Gil Alterovitz (senior, ECE) was recently awarded Motorola's "Intellectual Property Award" as one of the co-inventors of a new communication method for facilitating digital signal processing with applications in speech processing. The invention was based on work done at Motorola's Speech Technology Laboratory (Boynton Beach, Florida) in the summer of 1996.

Chris Andrews (Ph.D. Statistics, 1997) is now at UC Berkeley on a National Science Foundation Mathematical Sciences Post Doctoral Fellowship. He is working with Nick Jewell and Mark van der Laan on "Locally Efficient Estimation with Current Status Data."

David Betts (assistant professor in the Drama School and Phi Kappa Phi CMU chapter treasurer) designed the lights for this past summer's Showcase of New Plays.

Scott Farrow (senior economist and adjunct professor, Heinz School) has been appointed editor, Environmental Statistics Section, Historical Statistics of the U.S. Farrow also received a Senior Fellowship for 1998 at The Woods Hole Oceanographic Institution, Marine Policy Center.

In July, Stephen Fienberg (Maurice Falk Professor of Statistics and former president of the CMU chapter of Phi Kappa Phi) was elected as President Elect of the Institute of Mathematical Statistics. And, with others at Carnegie Mellon, Fienberg had a new book published that presents a scientific response to Herrnstein and Murray's bestseller, The Bell Curve.
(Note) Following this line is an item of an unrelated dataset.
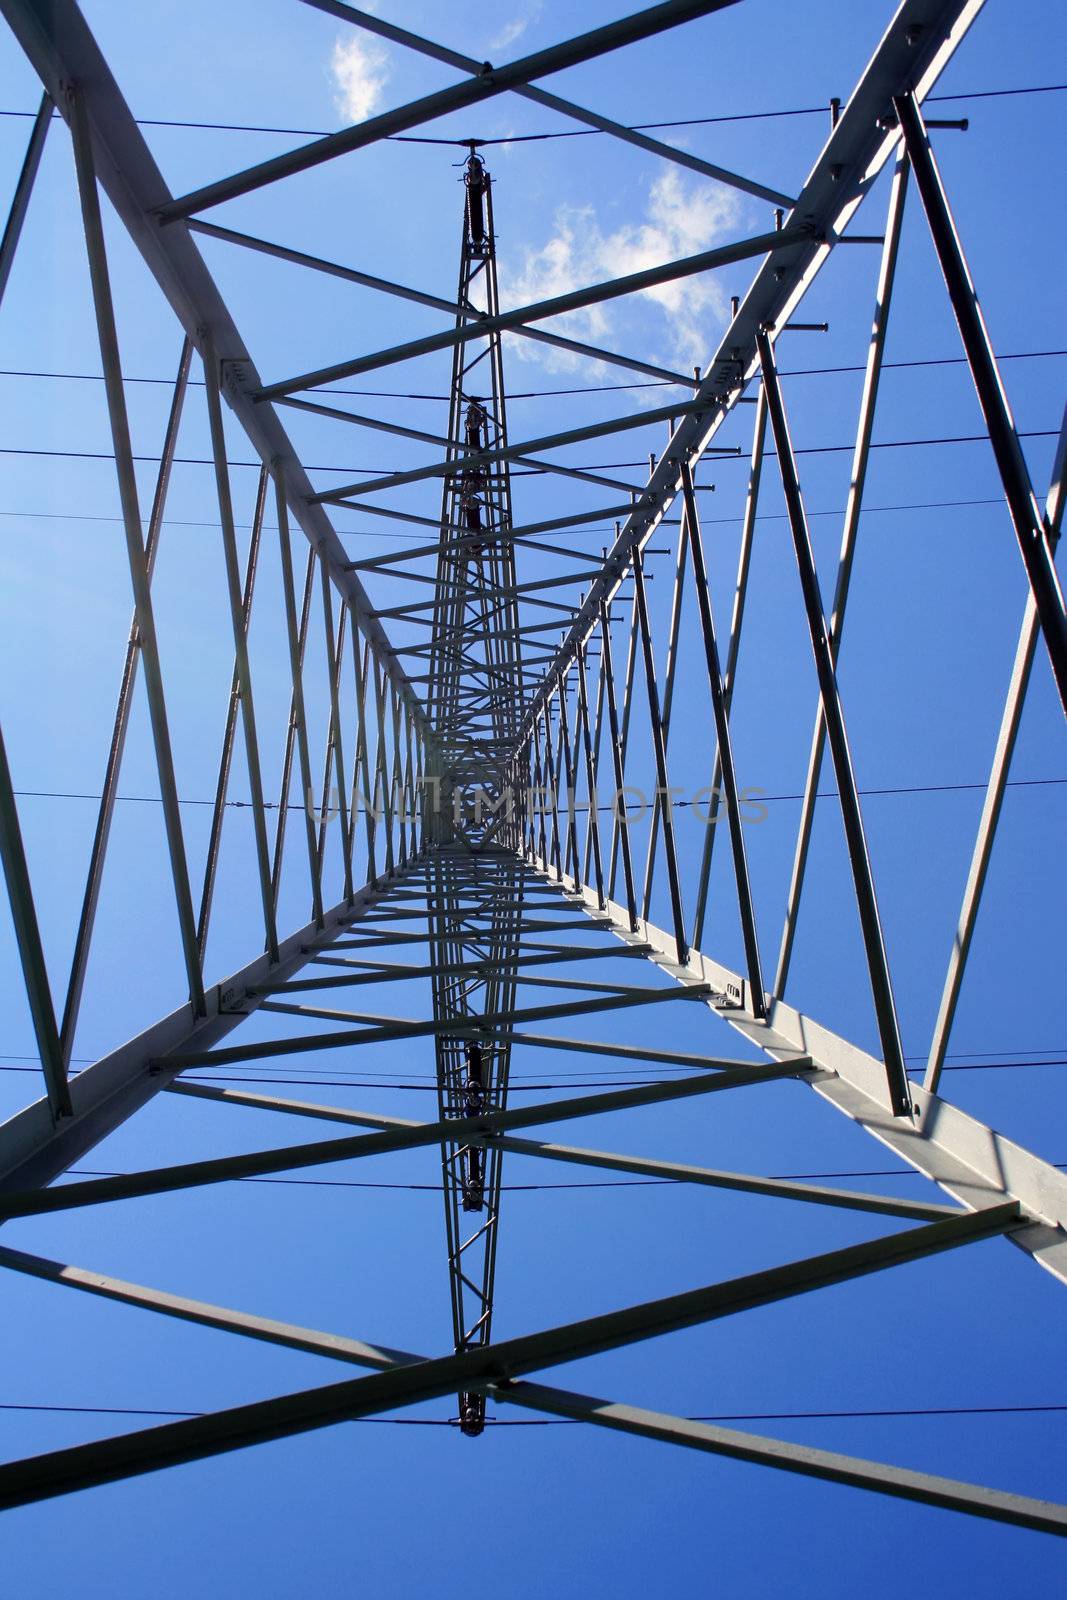 this image shows a inside view from power pole

The book is entitled Intelligence, Genes and Success: Scientists Respond to The Bell Curve (Bernie Devlin, Stephen E. Fienberg, Daniel P. Resnick and Kathryn Roeder, editors; Copernicus, 1997). The book is available in a special paperback edition from local bookstores and via the WWW. Fienberg's sabbatical, which began in January with six months in the Netherlands, is scheduled to end this December.
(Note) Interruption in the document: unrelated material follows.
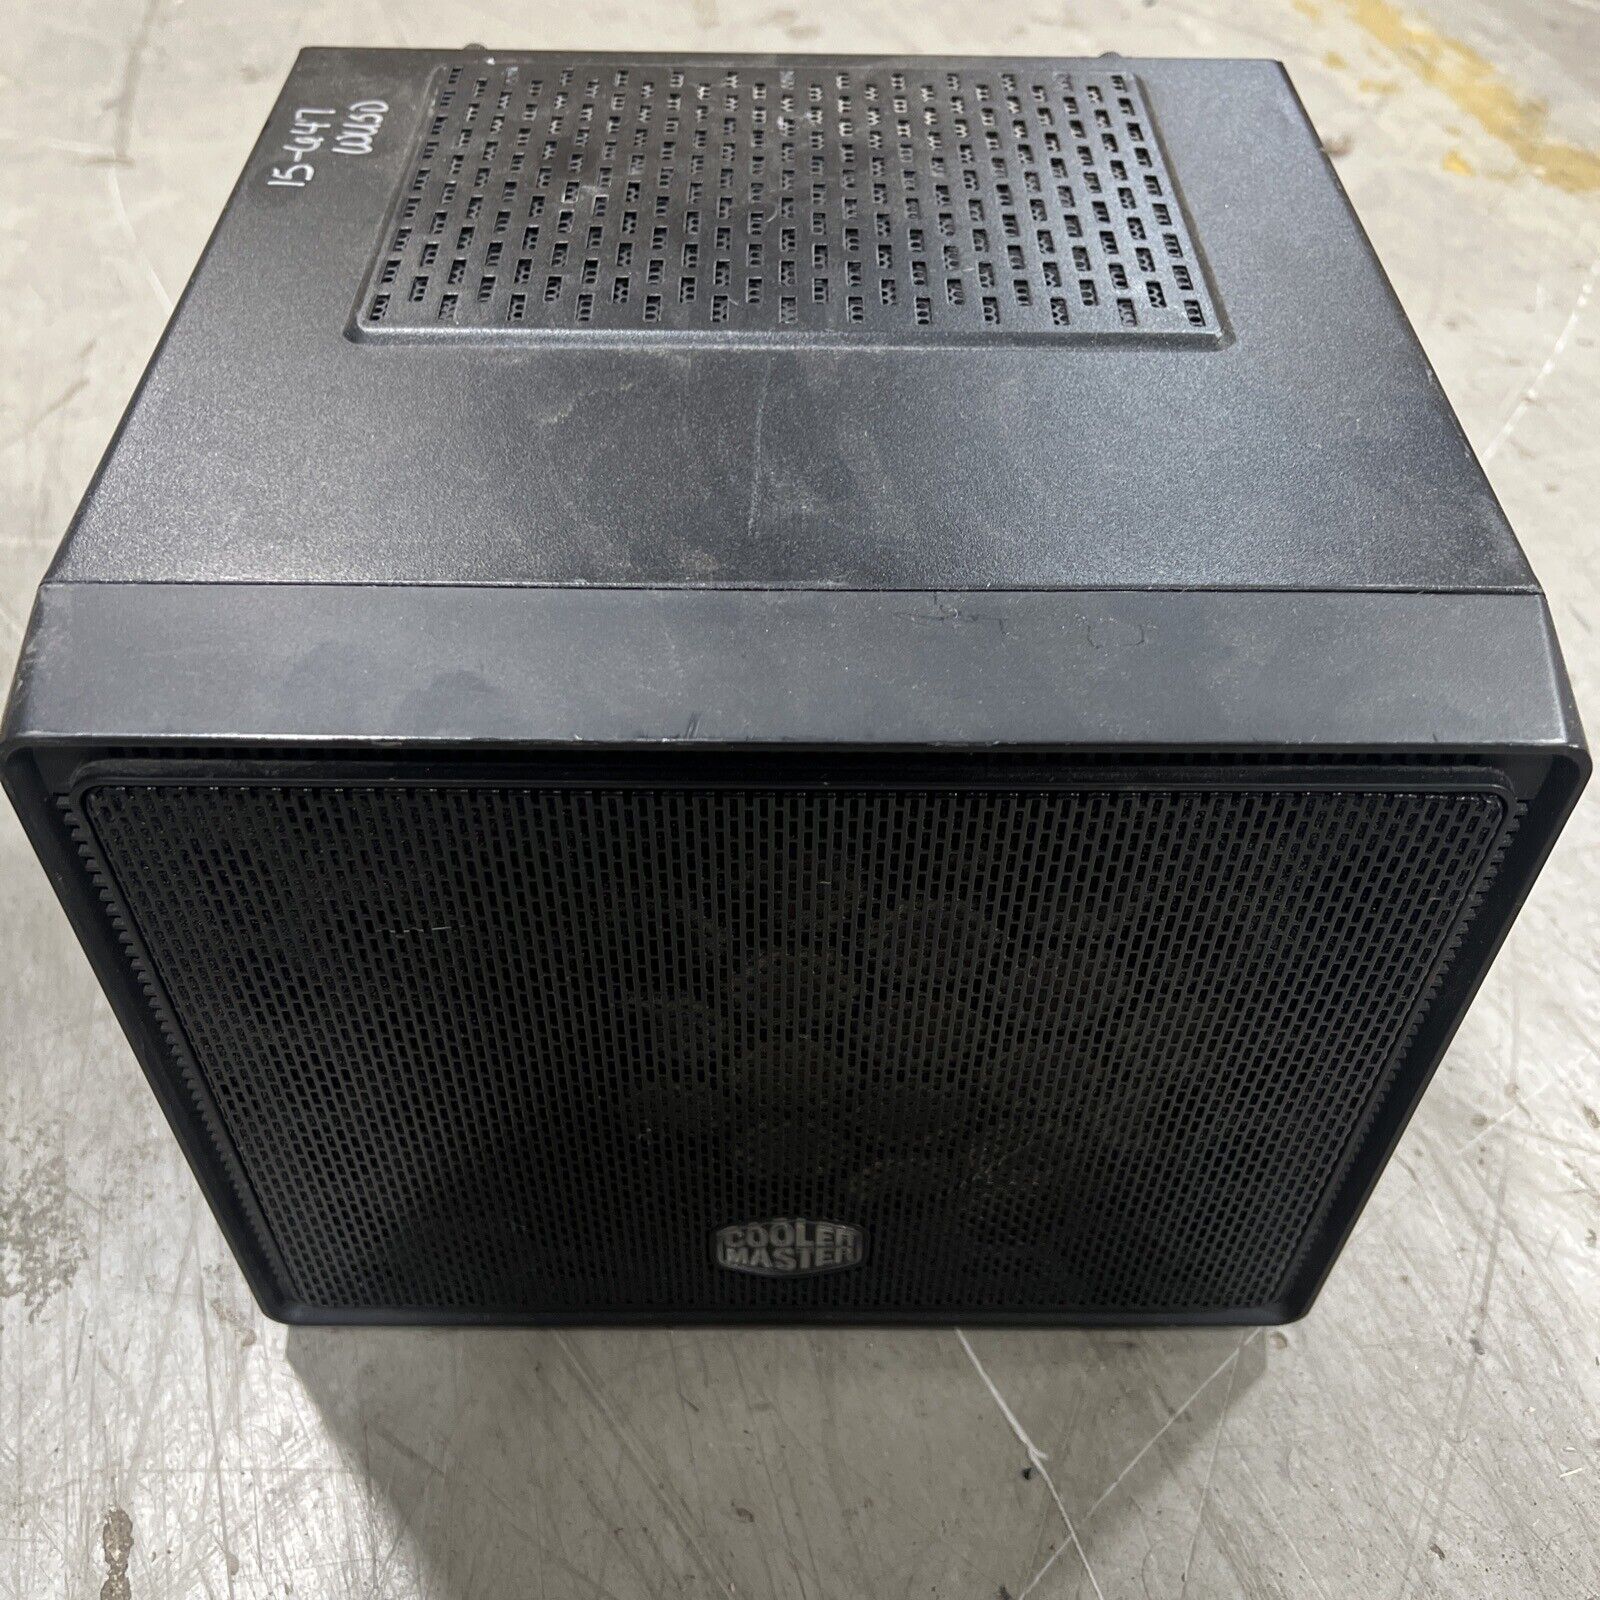 Cooler Master Elite 110 RC-110-KKN2 with Power Supply Unit

Professor of French Barbara Freed's research on the artists of the Riviera was written up in the Nov. 7 issue of the Chronicle of Higher Education. Her book on the subject, Artists and Their Museums on the Riviera, will be released in early 1998.

Drama School alumnus (1997) Steven Haworth's play "Two Tribes" was performed in the Drama School's Showcase of New Plays this summer.

Oliver Schulte (Ph.D. Philosophy, 1997) is now a faculty member at the University of Alberta.

Teddy Seidenfeld (professor of philosophy and statistics) is spending the fall term at the London School of Economics. He is listed as a "Distinguished Visiting Professor" and is the guest of the LSE's STICERD (Suntory and Toyota International Centres for Economic and Related Disciplines) Center. Seidenfeld is working with colleagues in the Mathematics Department and in the Philosophy Department there.